Em Estação Carandiru, o médico Dráuzio Varela relata o que viu durante o período em que realizou um trabalho voluntário de prevenção da AIDS no Complexo Penitenciário do Carandiru, em São Paulo. Mostra como o presídio se tornou um mundo à parte da sociedade, com leis criadas pelos próprios detentos e que devem ser seguidas à risca, sob pena de espancamento e até morte.

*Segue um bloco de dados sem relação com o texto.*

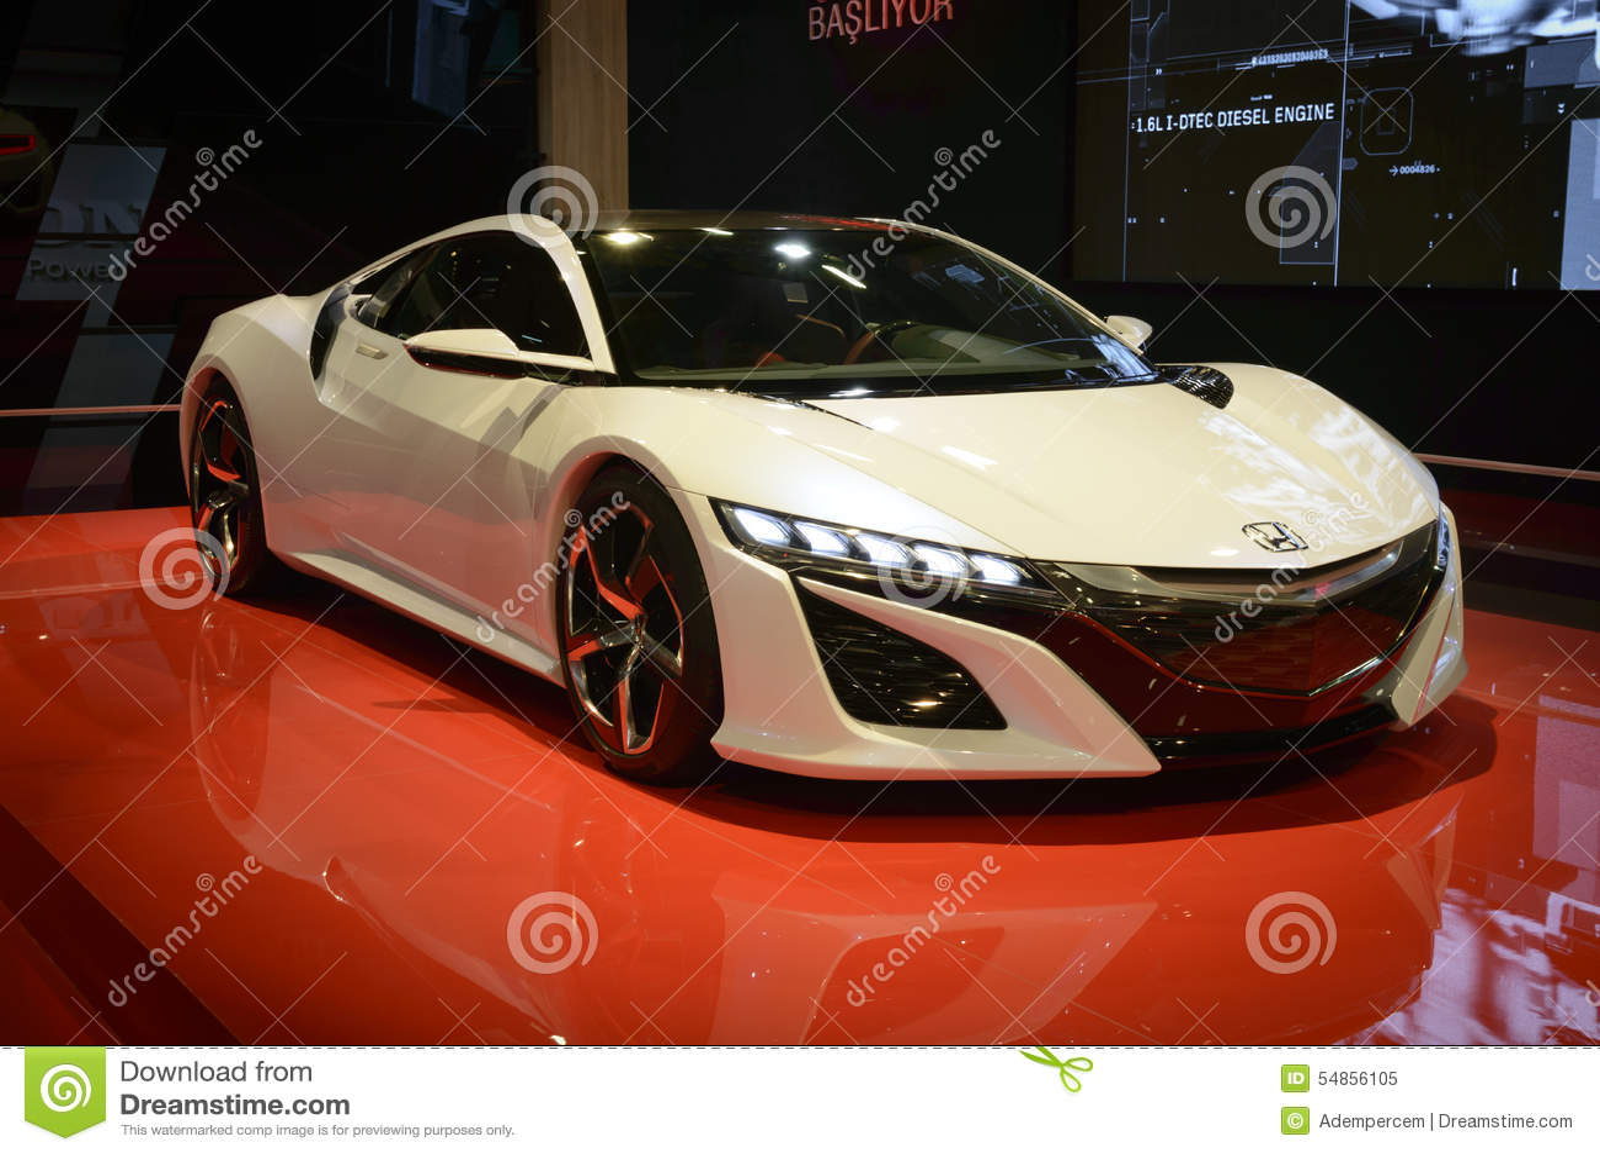 Honda Nsx Concept Car Editorial Image Image Of Exclusive 54856105

Referindo-se `a sua atividade de médico infectologista, o Dr. Dráuzio e sua equipe entrevistaram e colheram amostras de sangue de 2492 detentos e constataram que 17,3% dos presos da casa de detenção estavam infectados pelo vírus HIV. Os fatores de risco eram: uso da cocaína de parceiros sexuais. Dos 82 travestis presos na casa de detenção, 78% eram portadores do vírus.
Cada pavilhão tem sua clientela própria. O critério da distribuição obedece às regras básicas. Exemplo: art. 213 – estupro – é encaminhado para o pavilhão cinco; reincidentes, no oito; primários, nove. Os raríssimos universitários vão morar nas celas individuais do pavilhão quatro. Este poderia ser o mais privilegiado. Contém menos de quatrocentos presos. Deveria abrigar, além dos universitários, o Departamento de Saúde e Enfermaria. Mas, por necessidade de proteção aos marcados para morrer, a direção se viu obrigada a criar um setor especial, no térreo, denominado “Masmorra”, de segurança máxima.
A partir dos anos 80, foi aceita a prática das visitas íntimas com mulheres de maioridade comprovada, previamente registradas com identificação e foto. Cada detento tem direito a inscrever uma única mulher. Não há exigência de laços legais, podendo ser esposa, amásia, ou namorada. O ambiente é de muito respeito. Quando um casal passa, todos abaixam a cabeça. Não basta desviar o olhar, é preciso curvar o pescoço. Ninguém ousa desobedecer esta regra, seja ela a esposa, a noiva ou uma prostituta.
O autor descreve a divisão dos presos pelos nove pavilhões, cada um com cinco andares: 
Também para o pavilhão quatro são encaminhados, por questão de segurança, os estupradores, os justiceiros contratados por comerciantes para matar ladrões nos bairros comercias. Ali, os praticantes desses delitos têm mais chance de escapar da ira coletiva ( linchamento).
     cada pavilhão comporta um tipo de preso. Dráuzio Varella reuniu cerca de sessenta pequenas histórias sobre a vida daqueles que cumpriam pena no Carandiru. Talvez sem ter noção exata da importância do que estava fazendo, Drauzio escreveu um livro fundamental, leitura obrigatória para quem quer conhecer o exato significado da marginalização social.
Fala das regras que eles mesmos se impuseram, dos códigos de comportamento. Conta como alguns presos são trancafiados em celas para doentes mentais sem que lá exista um psiquiatra competente para fazer tal diagnóstico. Mostra a influência da religião no local e de como é numeroso o grupo dos evangélicos, facilmente reconhecíveis pelas roupas de mangas compridas, sempre abotoadas até a gola e pelas Bíblias desbotadas embaixo do braço.
A pregação dos pastores evangélicos, que apontam os caminhos do céu pelo conhecimento da Bíblia e de uma divisão clara entre o bem e o mal, obtém sucesso e acolhe muitos seguidores. Destaca-se na casa o grupo coeso da Assembléia de Deus que congrega cerca de mil fiéis. Todavia há entre eles, aqueles que as vezes fingem se converter para contar com a proteção do grupo religioso e tirar proveito próprio. Como usam as mesmas roupas, carregam a Bíblia e repetem o nome do Senhor a cada frase, é difícil distingui-los dos crentes de verdade.
Não deixa de falar, é claro, do episódio conhecido como o Massacre do Carandiru, ocorrido em outubro de 1992. Para deter uma rebelião no presídio, a polícia invadiu o local com cães, metralhadoras e escopetas, matando mais de 100 detentos. O então governador do estado, Fleury Filho, definiu a ação como uma operação policial para conter uma briga de quadrilhas.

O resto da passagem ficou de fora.